Reducing access to firearms within an entire population can prevent suicides by firearm.30-37 Rates of suicide by firearm correlate very closely, both geographically and temporally, with measures of the availability of firearms.33,38-40 In cross-sectional studies, stricter controls on access to firearms have been found to be associated with lower rates of suicide by firearm.33,40,41 In New York City, where handgun ownership has been strictly regulated since the early 20th century, rates of suicide by firearm are very low; rates of suicide by other methods vary directly with the availability of those methods.42

More direct evidence comes from time-series studies. A near-ban on the sale and possession of handguns in Washington, D.C., was associated with a rapid and specific 25 percent decrease in the rate of suicide by firearm.43 Substantial decreases in suicides by firearm were reported in Queensland34 and Tasmania,36 Australia, and in Ontario, Canada,35 after waiting periods of 21 to 28 days and other restrictions on access to firearms were adopted, although in Queensland there was an increase in suicide by other methods. Tasmania's 21-day waiting period resulted in a 51 percent decrease in the proportion of suicides involving firearms that were committed with recently acquired firearms.36

Our findings are subject to several limitations. Results may be different in states where demographic features of the population, the base-line prevalence of firearm ownership, or public policy differs from that in California. New York and New Jersey enforce long waiting periods for the purchase of a handgun, and the very high rates of suicide that we observed in the period immediately after purchase may not occur in those states. Conversely, rates of suicide by firearm soon after purchase may be still higher in the 23 states that, because they have no stronger state law, are subject to the Brady Handgun Violence Prevention Act, where waiting periods for most purchases of firearms from licensed dealers were replaced by the National Instant Check System in November 1998.44

Policy differences at the state level also affect eligibility to purchase firearms. Few states deny firearms to persons with previous convictions for violent misdemeanors. Since a history of violence or aggression is a risk factor for both suicide7,9,18,19,45 and homicide,9,11,46 the risk of violent death associated with recent purchase of a handgun may be higher in most states than we observed in California.

It should be emphasized that we did not compare the risk of death between people who owned firearms and people who did not. If firearm ownership is a risk factor for violent death,7-9,11 we have underestimated the risk of both suicide and homicide associated with the purchase of a handgun by a person who did not previously own a firearm.
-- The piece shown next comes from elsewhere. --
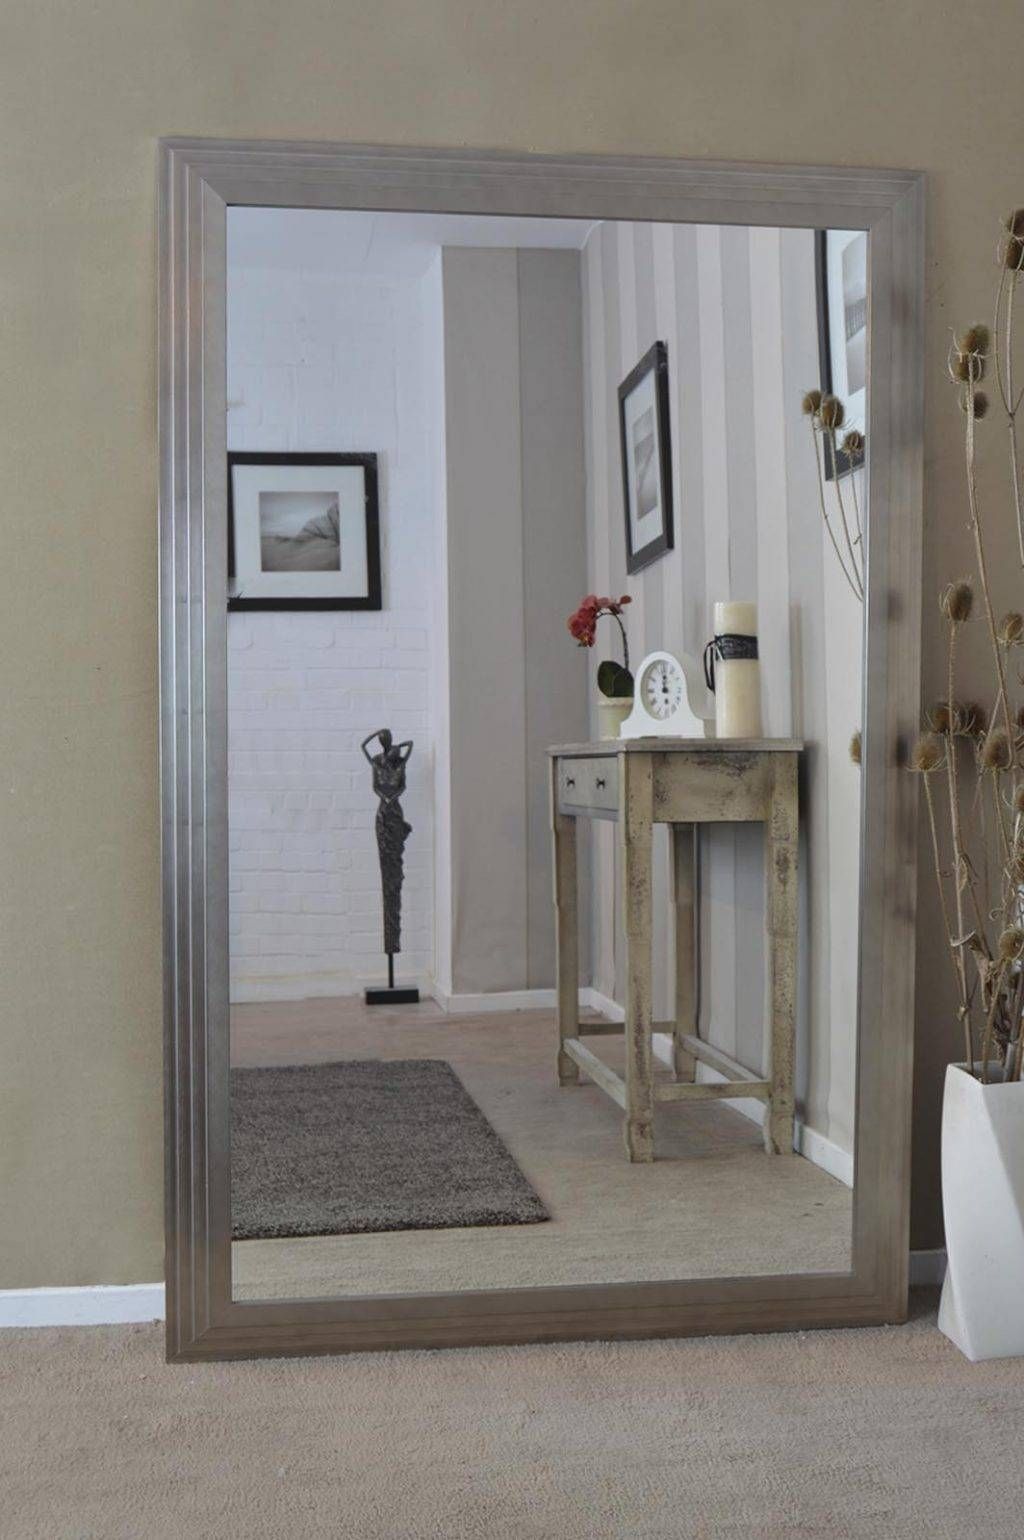 Long Mirrors For Walls 75 Stunning Decor With Large White Antique For Decorative Long Mirrors (View 16 of 25)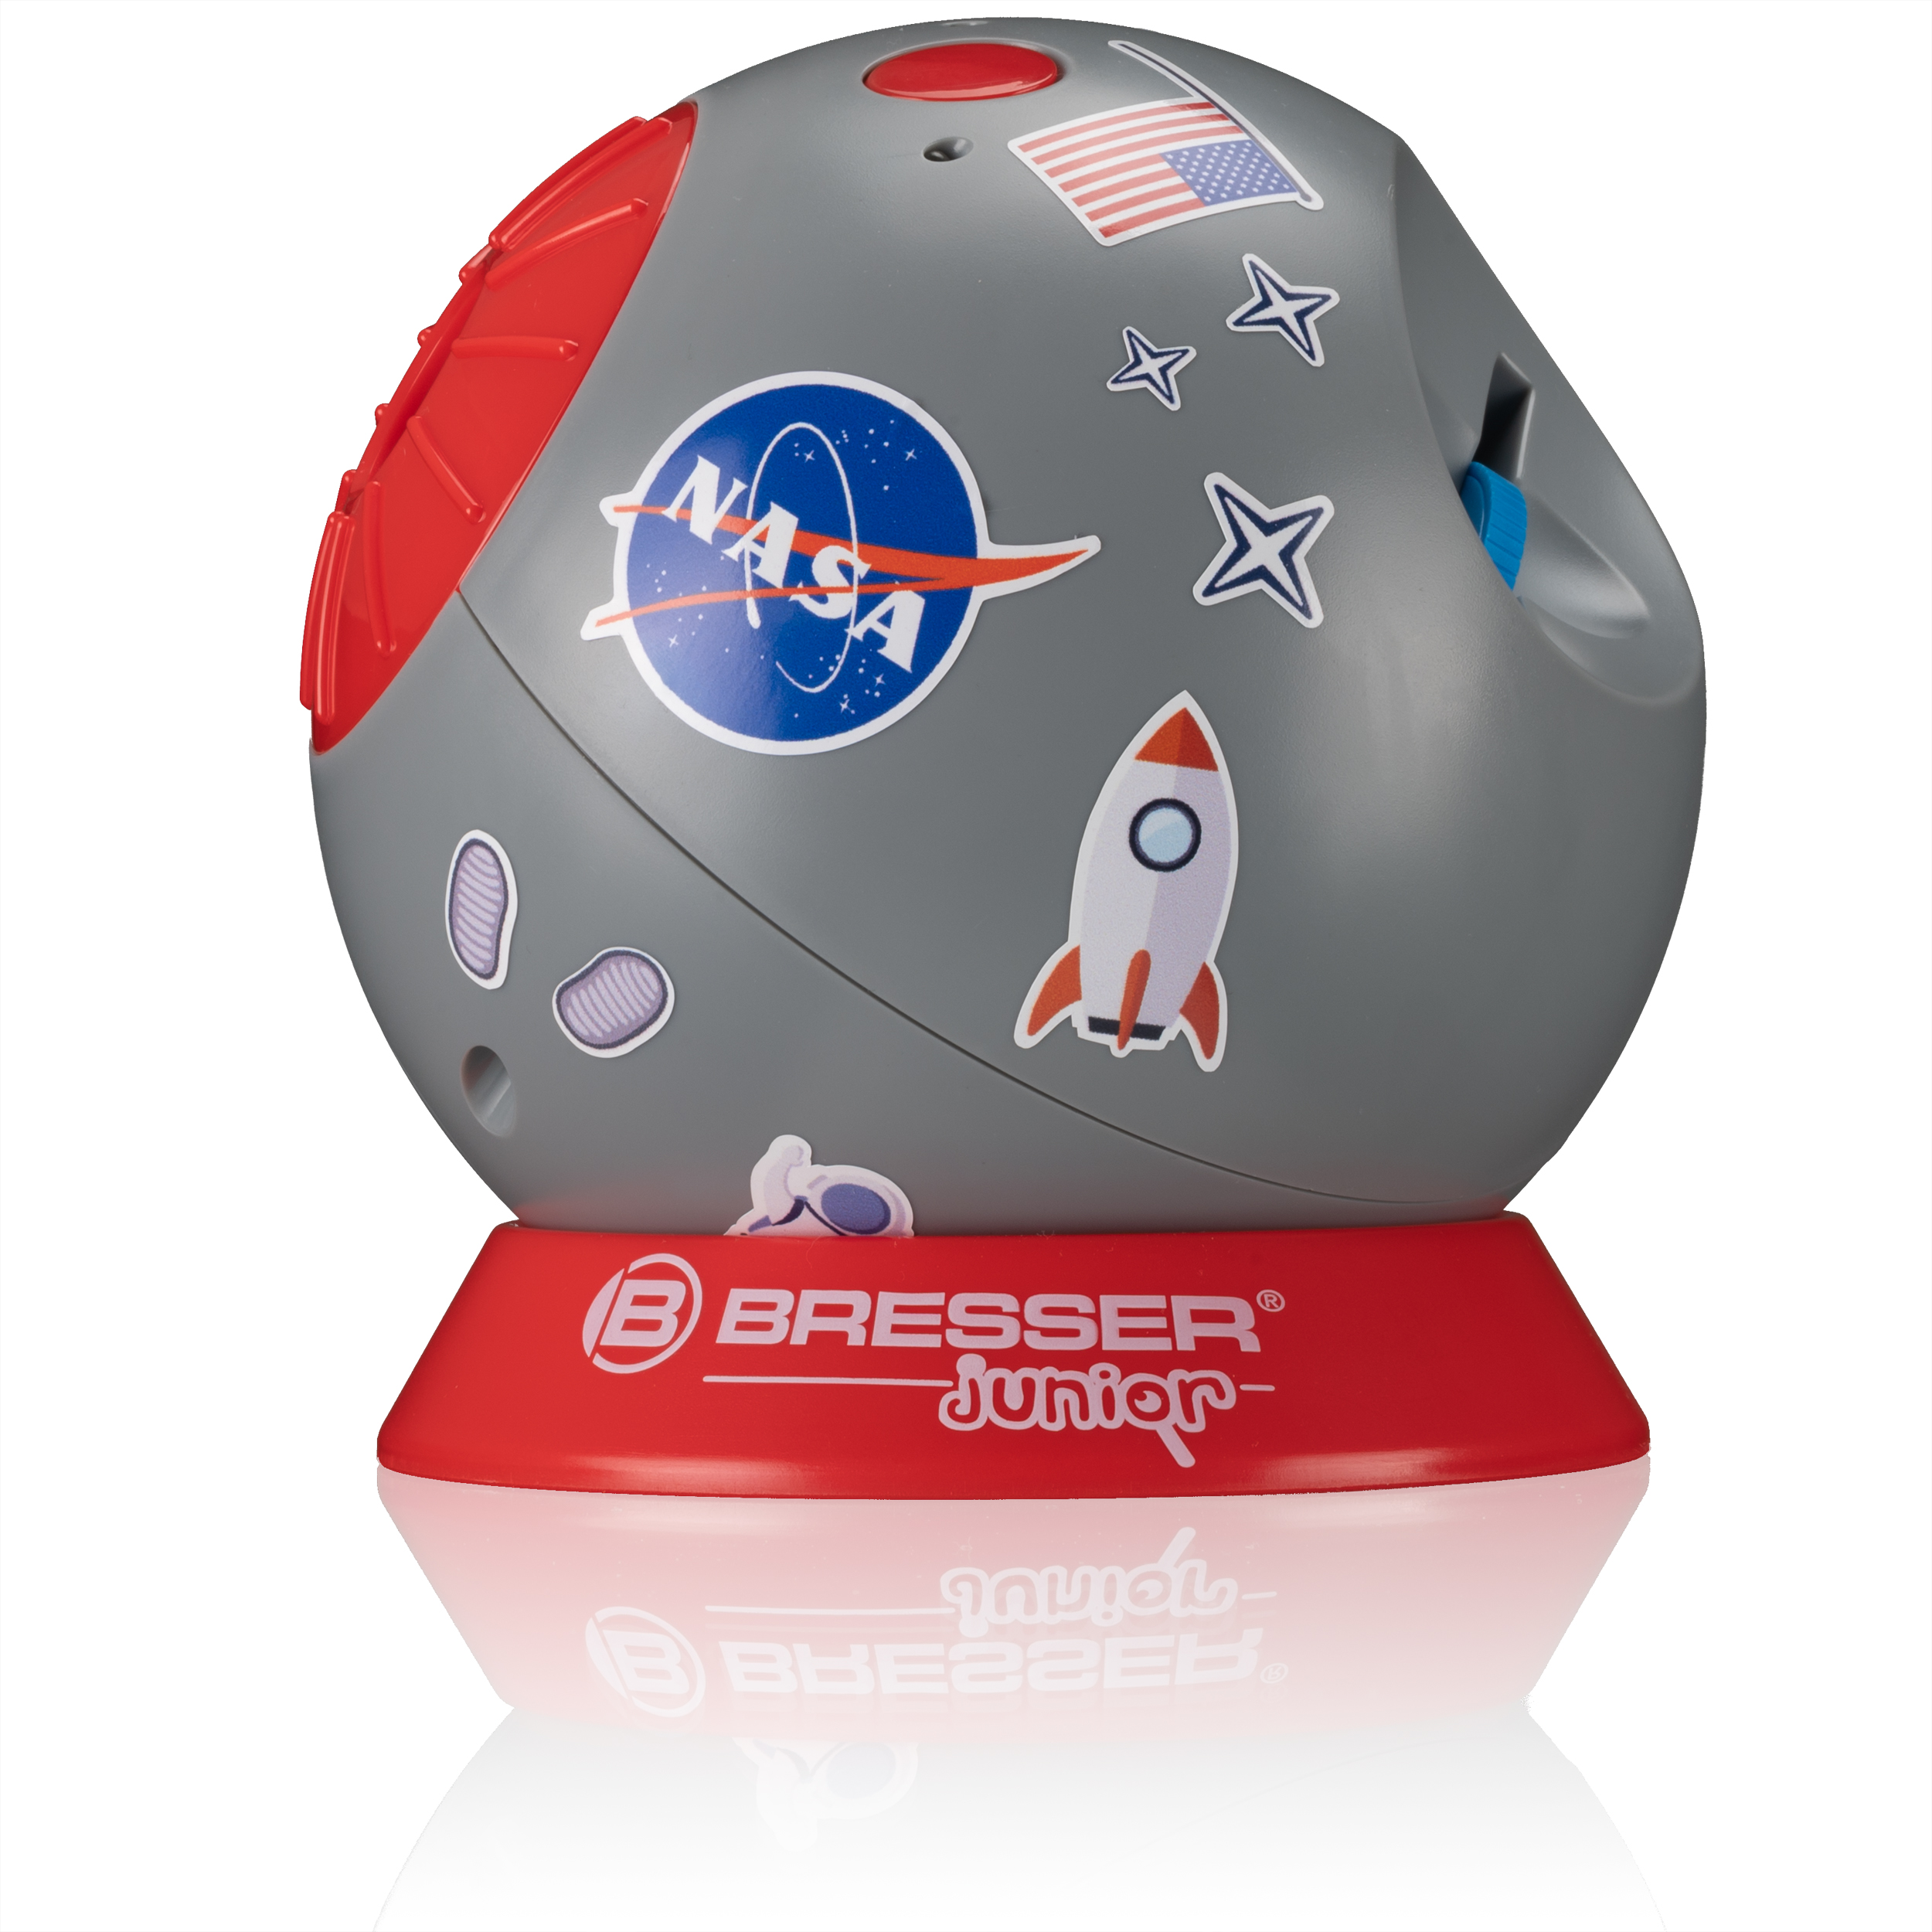 ISA Space Exploration NASA-themed Space Projector (Refurbished)

We cannot determine the extent to which increases or decreases in the risk of violent death are attributable specifically to the purchase of a handgun, since we lack information about other risk factors. In addition to a history of violence, alcohol and drug abuse and psychiatric disorders are risk factors for both suicide and homicide.16,46-48 An increased risk of suicide by firearm might be due to an increased prevalence of these risk factors among handgun purchasers, and not due to the handgun purchase itself. On the other hand, such risk factors may be less common among persons who have recently passed a background check than they are in the general population; this difference might account for the lower risk of death by homicide among men who have recently purchased a handgun than among men in the general population.

We do not know whether the handguns purchased by persons in our study cohort were actually involved in the deaths we analyzed. However, the percentages of firearm-related suicides and homicides that involved handguns were much higher among handgun purchasers than in the state as a whole.

In 1997, suicide by firearm accounted for 54.2 percent of all deaths by firearm nationwide; firearms were used in 62.0 percent of suicides among men and 39.3 percent among women.49 Suicide by firearm may be most effectively prevented by reducing overall access to firearms. (Unfortunately, however, reduction in access to the means to commit suicide is not among the interventions included in the 1999 Surgeon General's Call to Action to Prevent Suicide. 50) Rates of death by both suicide and homicide among handgun purchasers might also be reduced by prohibiting those with risk factors such as a history of violence or alcohol and drug abuse from purchasing handguns.

A substantial percentage of persons who commit suicide seek medical attention shortly before death.30 Clinicians need to identify persons who are at acute risk for suicide and to intervene appropriately.30,51 A patient's declaration of intent to purchase a handgun may also be an indication to determine whether other risk factors for violent death are present.

Supported by a grant from the Joyce Foundation, Chicago.

We are indebted to the California Department of Justice and the California Department of Health and Human Services for supplying the data used in this study; to Barbara Claire, the program administrator of the Violence Prevention Research Program; and to Melissa Garcia, Kevin Grassel, Gordon Lau, and Vanessa McHenry for able technical assistance.

Source Information

From the Violence Prevention Research Program, University of California, Davis.

Address reprint requests to Dr. Wintemute at the Violence Prevention Research Program, University of California, Davis, Medical Center, 2315 Stockton Blvd., Sacramento, CA 95817.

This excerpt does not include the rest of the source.